### EXERCISE PROMPT
Starting with the line that contains "Mens 40 Grit", return every line through the end of the listing below exactly as written. Omit the pictures.

### RECORDED DATA
****
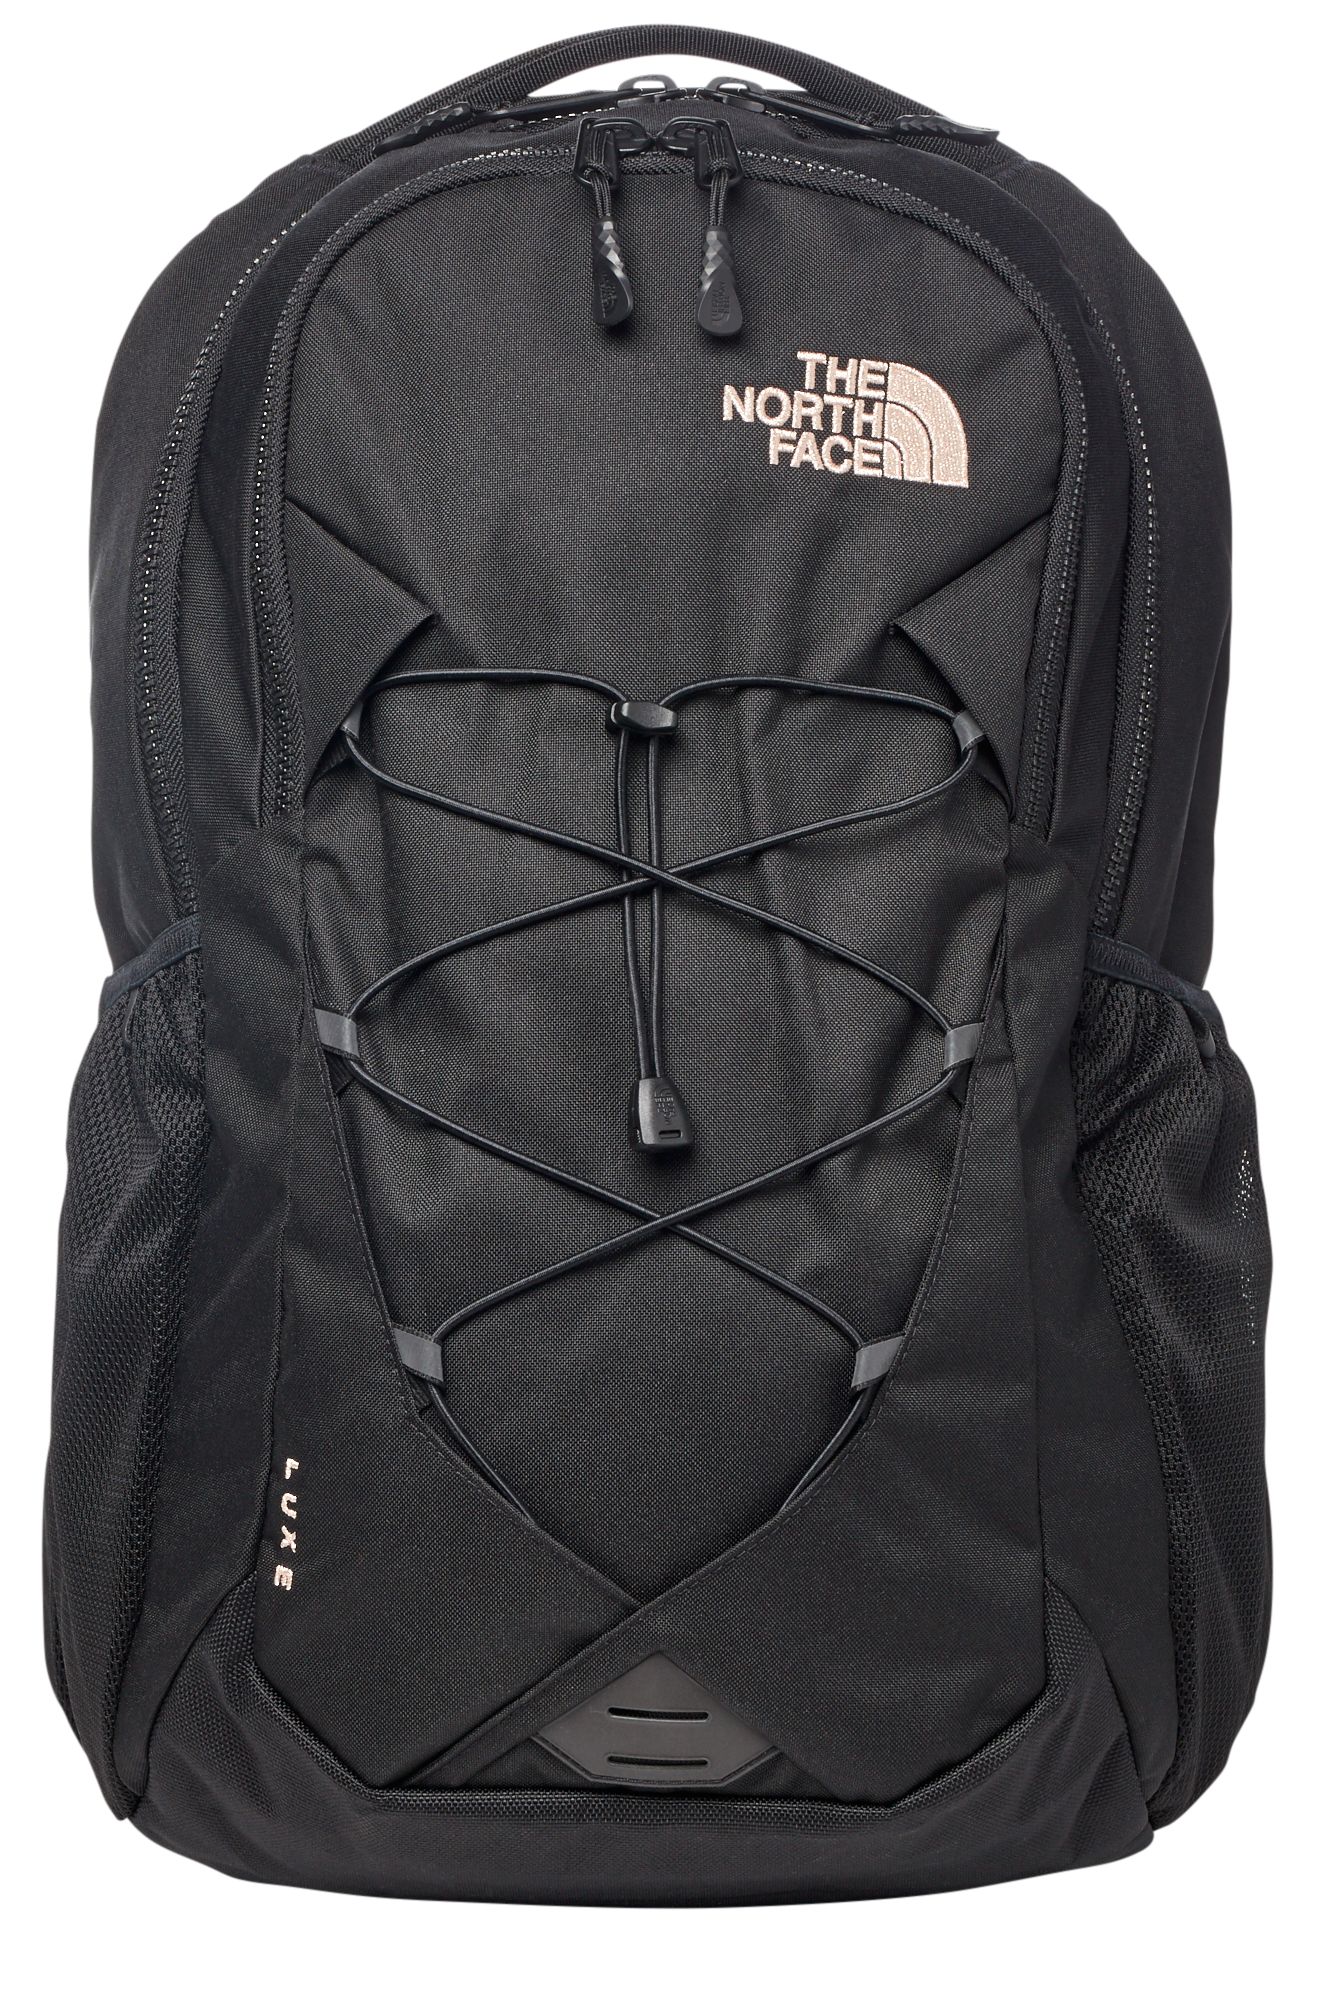 The North Face Backpacks | Free 
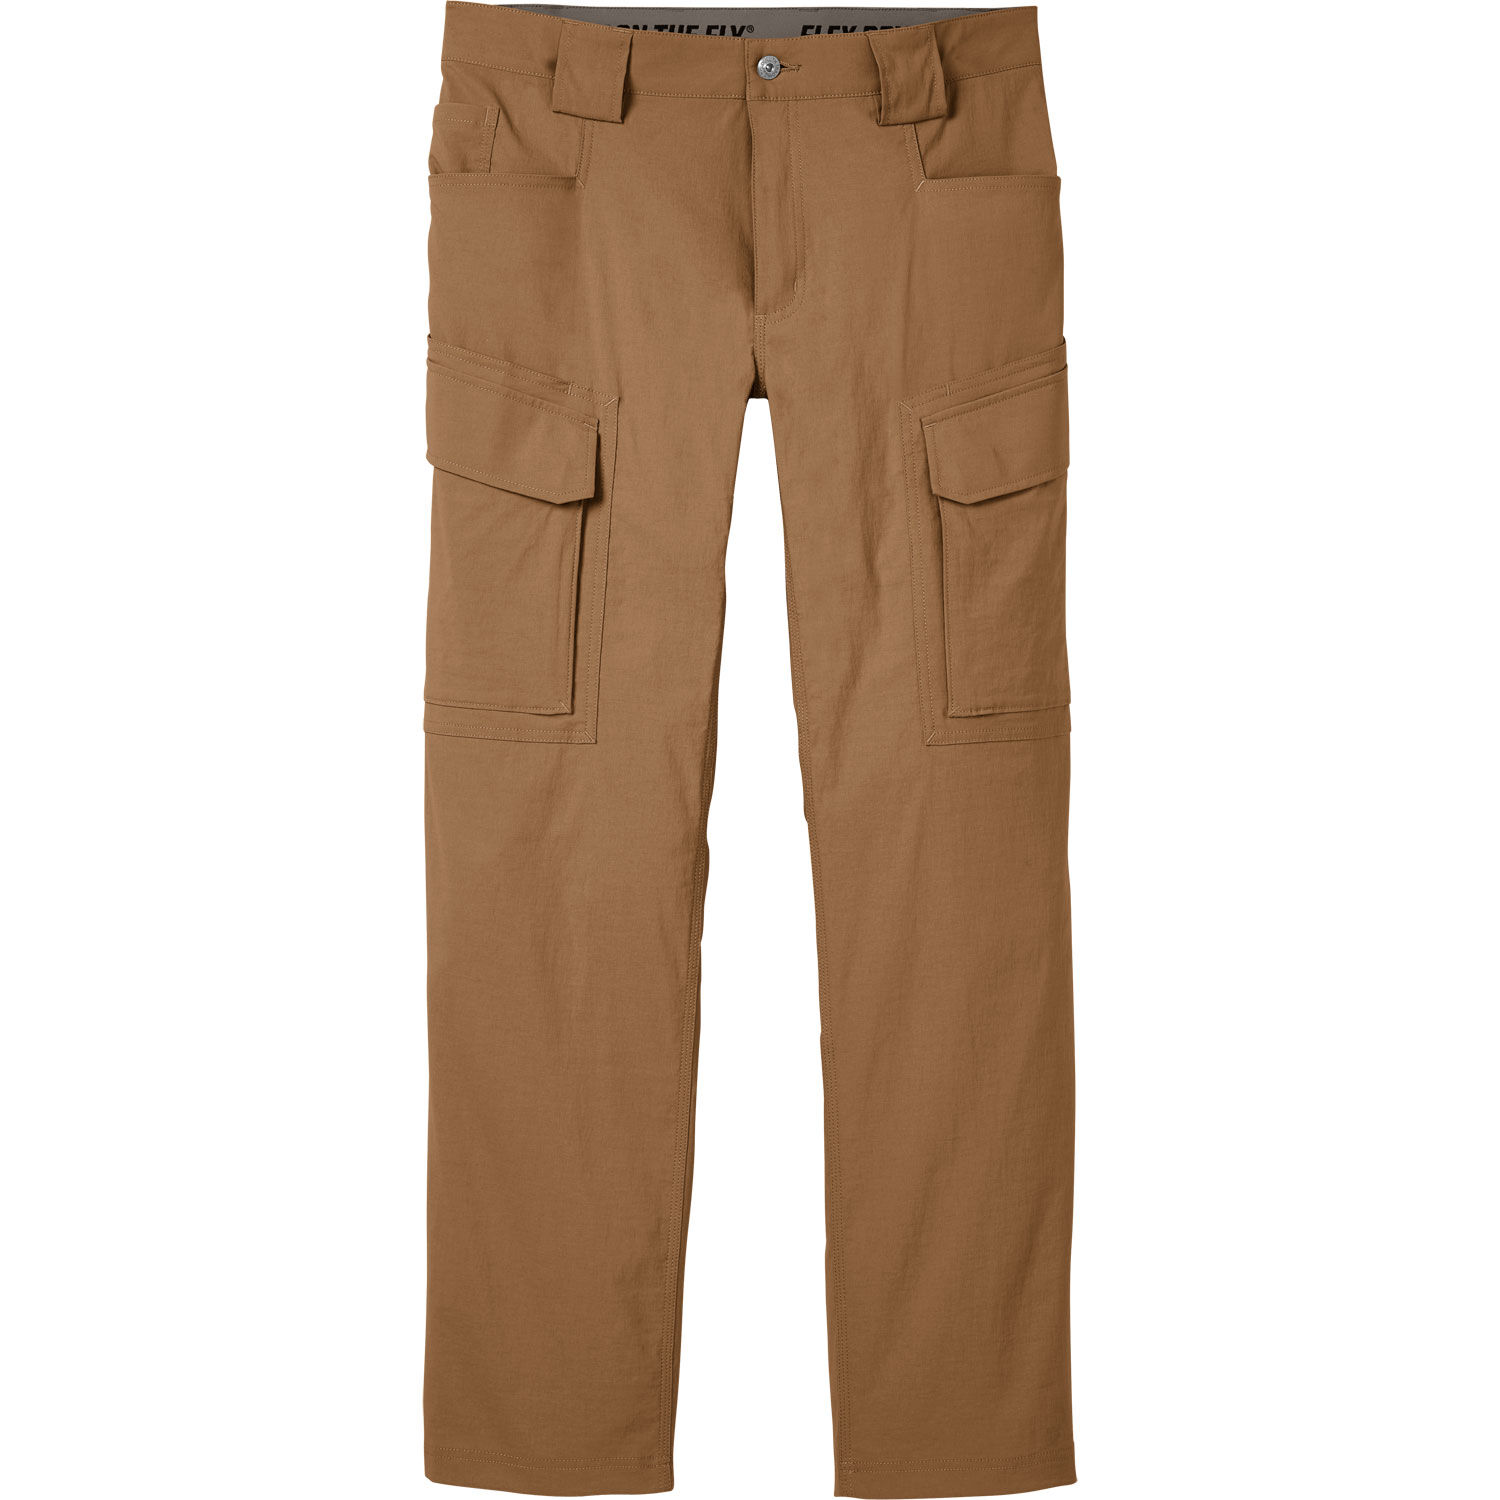 Mens 40 Grit Flex Twill Standard Fit Cargo Pants  Duluth Trading Company
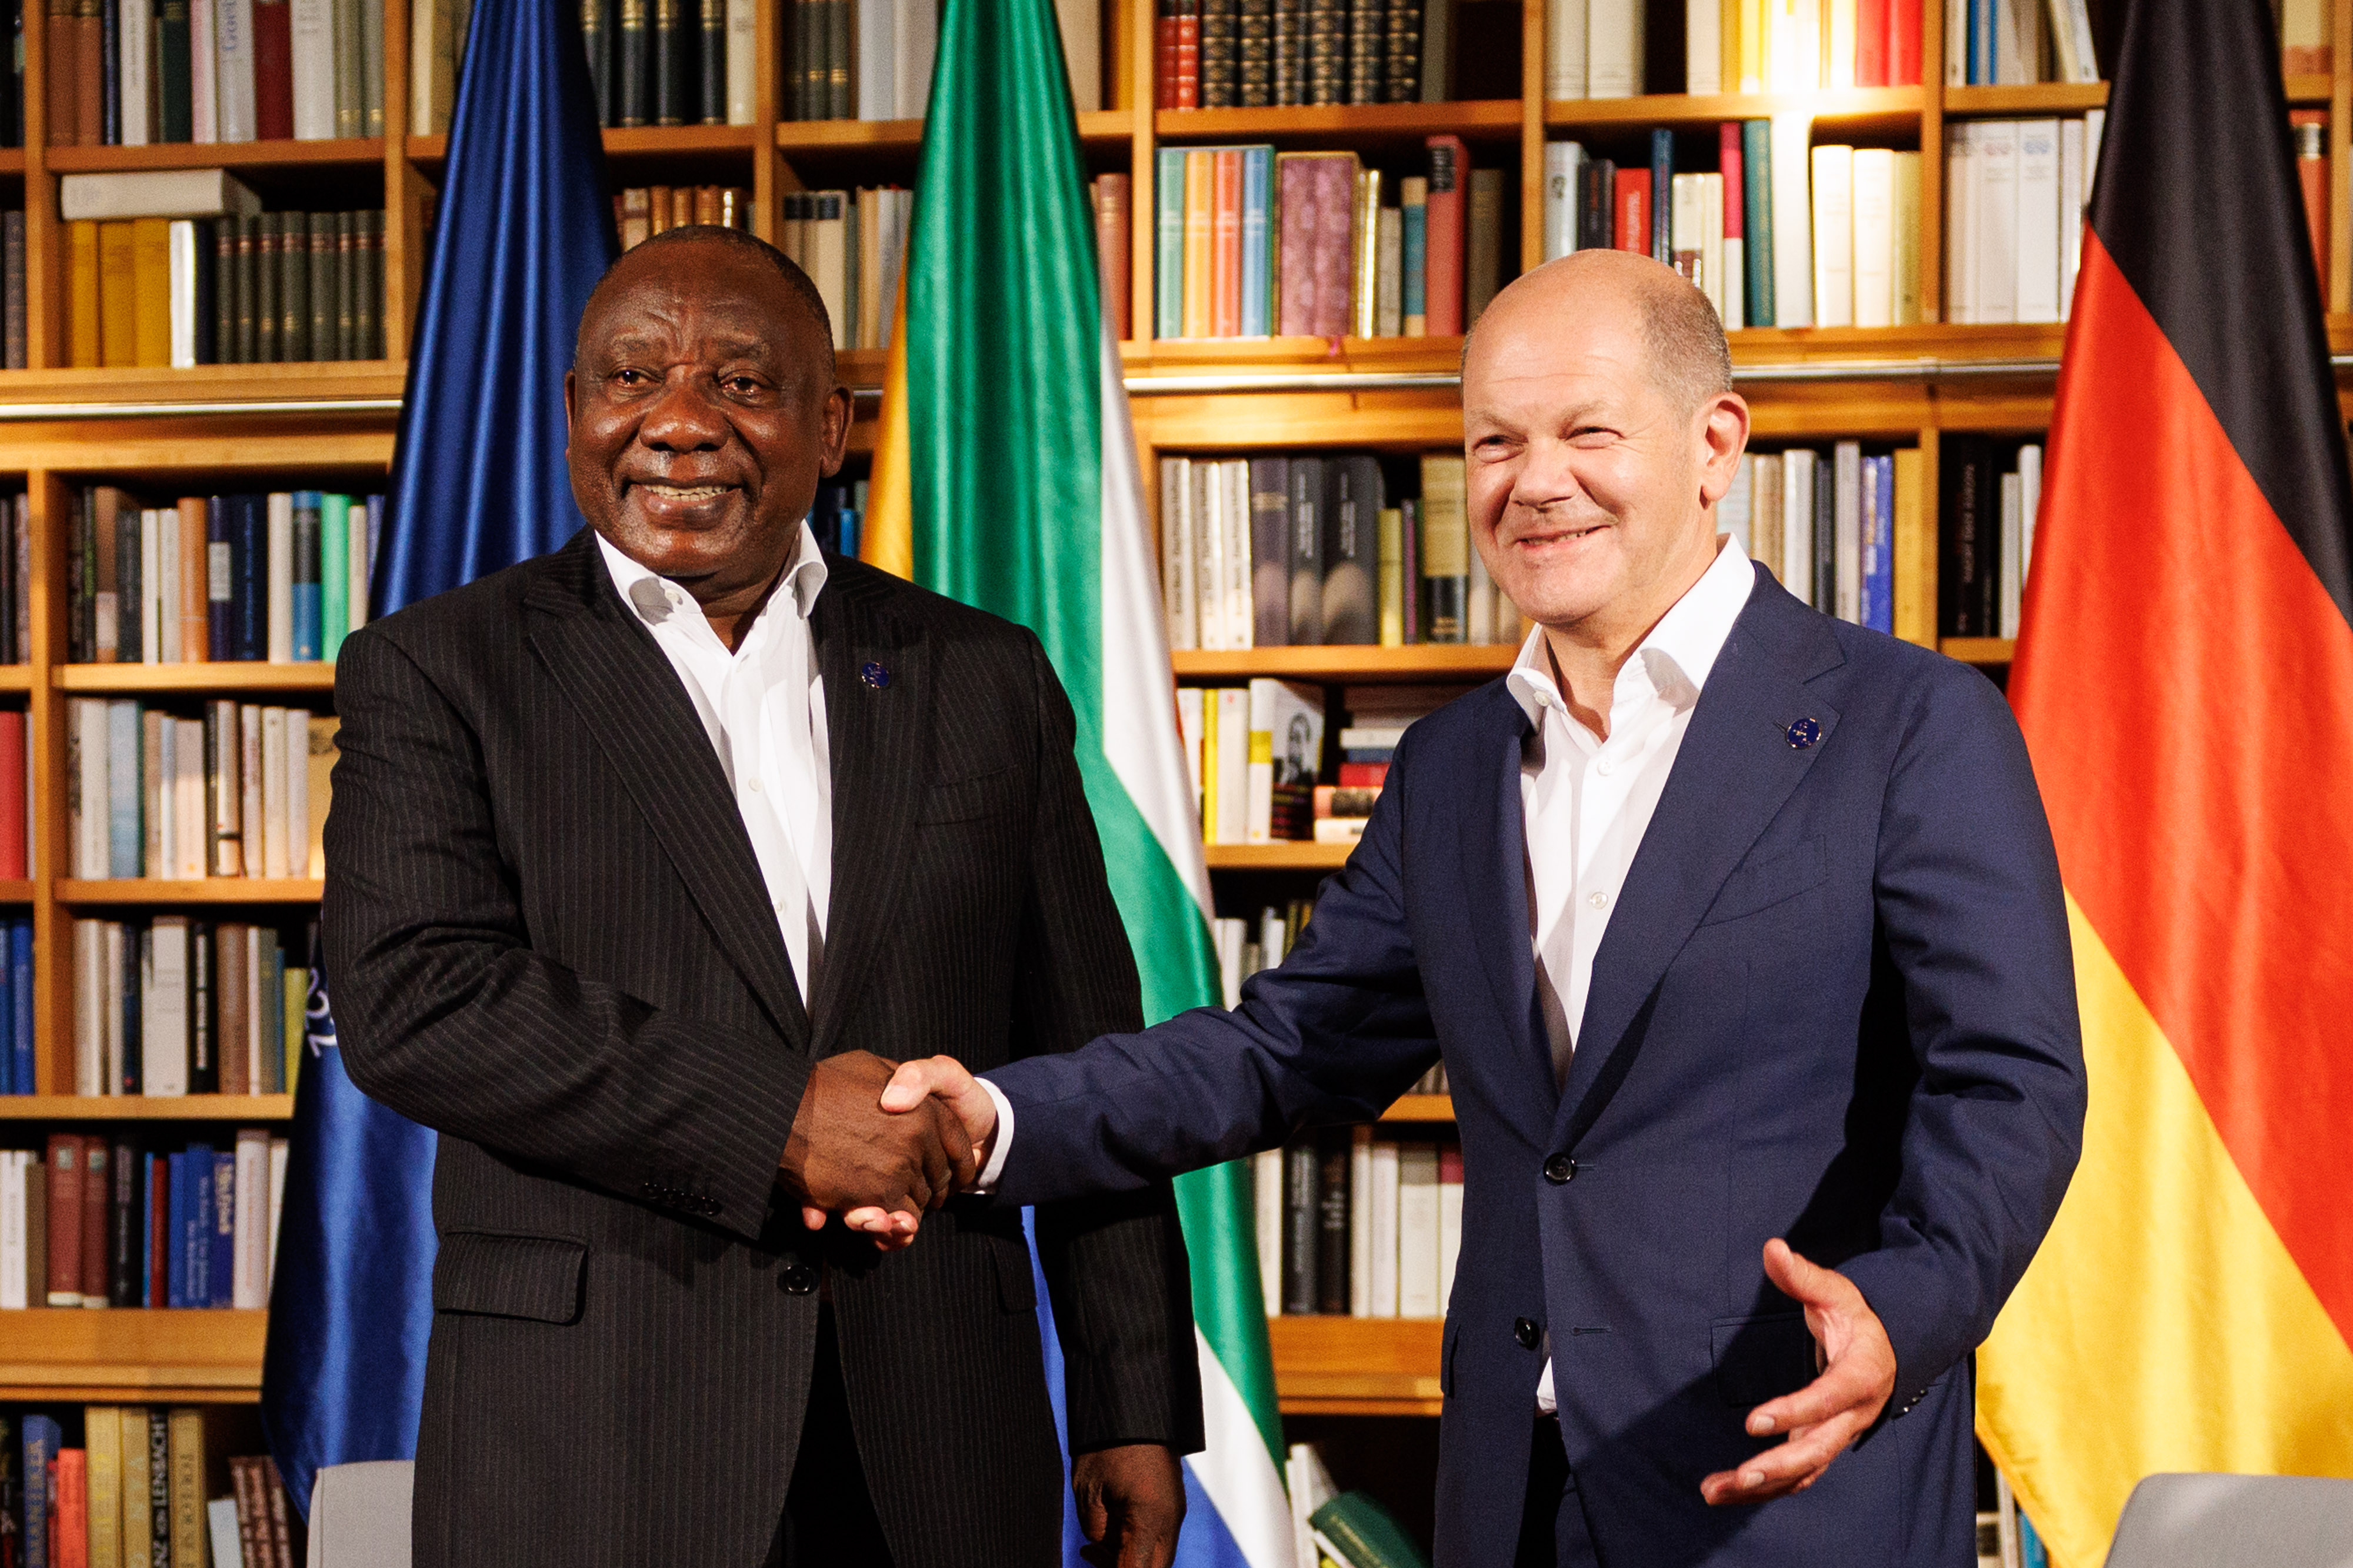 Bilateral meeting between Federal Chancellor Olaf Scholz and President Cyril Ramaphosa of South Africa in Schloss Elmau.
****
### WORKED SOLUTION
 Mens 40 Grit Flex Twill Standard Fit Cargo Pants  Duluth Trading Company
 Bilateral meeting between Federal Chancellor Olaf Scholz and President Cyril Ramaphosa of South Africa in Schloss Elmau.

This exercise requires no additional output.